Entre os destaques da obra, estão o discurso da Sinagoga de Colônia e o dirigido aos muçulmanos. O livro foi apresentado pelo vigário de Roma, o cardeal Camillo Ruini, e pelo presidente do Conselho Pontifício para os Leigos, o arcebispo Stanislaw Rylko, que disseram que a publicação pretende tornar acessíveis aos jovens, aos sacerdotes, aos educadores e ao público em geral o conteúdo dos 12 discursos feitos pelo papa durante jornada.

A primeira parte do livro inclui os pronunciamentos dedicados aos jovens e aos seminaristas, além dos dois feitos durante a Vigília da XX JMJ e na missa final. Depois, há uma seção dedicada ao diálogo ecumênico, reunindo os discursos realizados durante a histórica visita à Sinagoga de Colônia e o dirigido às comunidades muçulmanas. Em seguida, estão os discursos dirigidos aos bispos alemães e às autoridades na despedida do encontro. O livro é fechado com o pronunciamento feito já em Roma, no dia 24 de agosto, no qual Bento XVI fez um balanço da viagem à sua Alemanha natal.

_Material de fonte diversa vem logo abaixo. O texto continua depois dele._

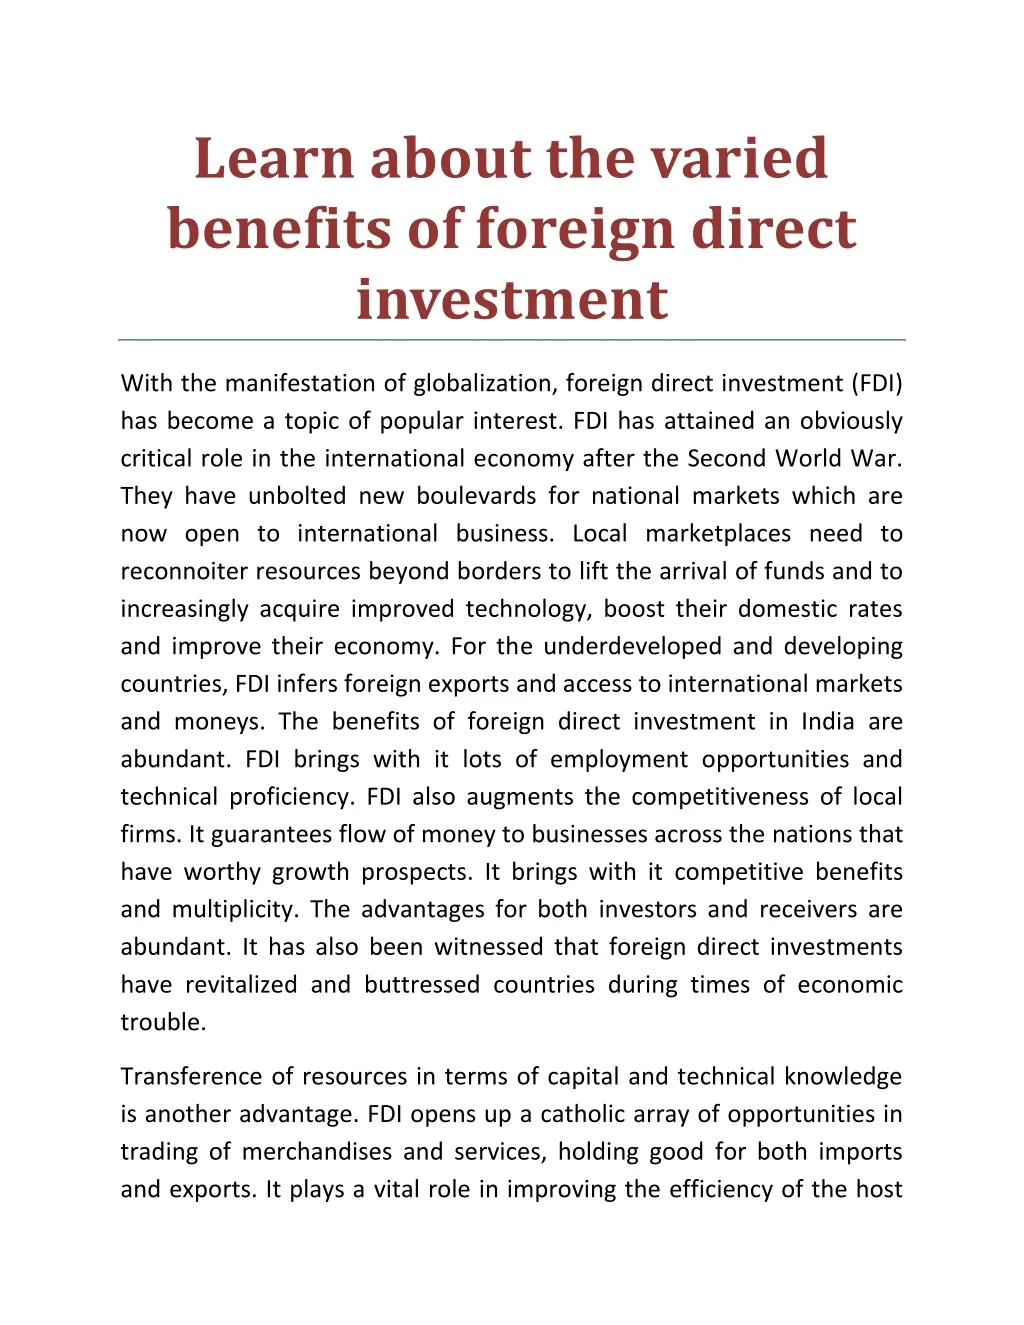 learn about the varied benefits of foreign direct

Em seus discursos, Ratzinger pediu que os muçulmanos trabalhassem juntos contra o terrorismo, condenou duramente o nazismo durante a visita à Sinagoga de Colônia e reconheceu "com vergonha e dor" o dano causado pela Alemanha no século XX. O Papa alertou os jovens sobre o "boom do religioso" que transforma a religião em um bem de consumo. "Quando há muito exagero, a religião se transforma em um produto de consumo", afirmou.

Diante dos jovens, o papa condenou o totalitarismo e destacou que não são as ideologias que salvam o mundo. "Não libertam o homem, mas o privam de sua dignidade e o escravizam. Não são as ideologias que salvam o mundo, mas sim dirigir o olhar a Deus, que é nosso criador, o fiador de nossa liberdade, do que é realmente bom e autêntico", afirmou o papa na viagem. O cardeal Ruini disse hoje que, durante a visita a Colônia, Joseph Ratzinger soube combinar a abertura universal e a identidade católica. Além disso, disse que, em seus textos, o papa indicou a cadeia de transformações que muda e renova o mundo.

Ruini lembrou que Bento XVI disse aos jovens que a Eucaristia tem que se transformar no centro da vida e dar sentido ao domingo, "dia de Cristo, dia do inicio da criação e da redenção". O Papa - acrescentou o vigário de Roma - ressaltou nos discursos a abertura universal da Igreja, "como grande família de Deus, que abraça todos os continentes, culturas e nações, o céu e a terra, o passado, o presente e o futuro".

O cardeal aproveitou para denunciar que as revoluções do século XX, "cujo programa comum era não esperar a intervenção de Deus, mas tomar as rédeas do destino do mundo, tinham inevitavelmente que tornar absoluto o que é relativo, sem levar em conta que isso, em vez de libertar o homem, tira sua dignidade e o escraviza". O arcebispo Rylko disse que os discursos de Bento XVI incluíam elementos importantes para um programa pastoral que se constrói em torno de três palavras-chave: buscar, encontrar e adorar.

Rylko lembrou que mais de um milhão de jovens de 197 países dos cinco continentes, 757 bispos e 9 mil sacerdotes participaram da XX JMJ. O grupo mais numeroso foi o italiano, com 120 mil jovens e 104 bispos. Um total de 27 mil voluntários prestaram serviços na JMJ. Além disso, 6.600 jornalistas de todo o mundo, de 4 mil veículos de comunicação, acompanharam o evento.

"A revolução de Deus" foi editado pela Livraria Vaticana e Edições San Paolo. Na primeira edição, em italiano, foram editados 350 mil exemplares, que serão distribuídos em 4 mil pontos de vendas. O livro será lançado em breve em 18 países.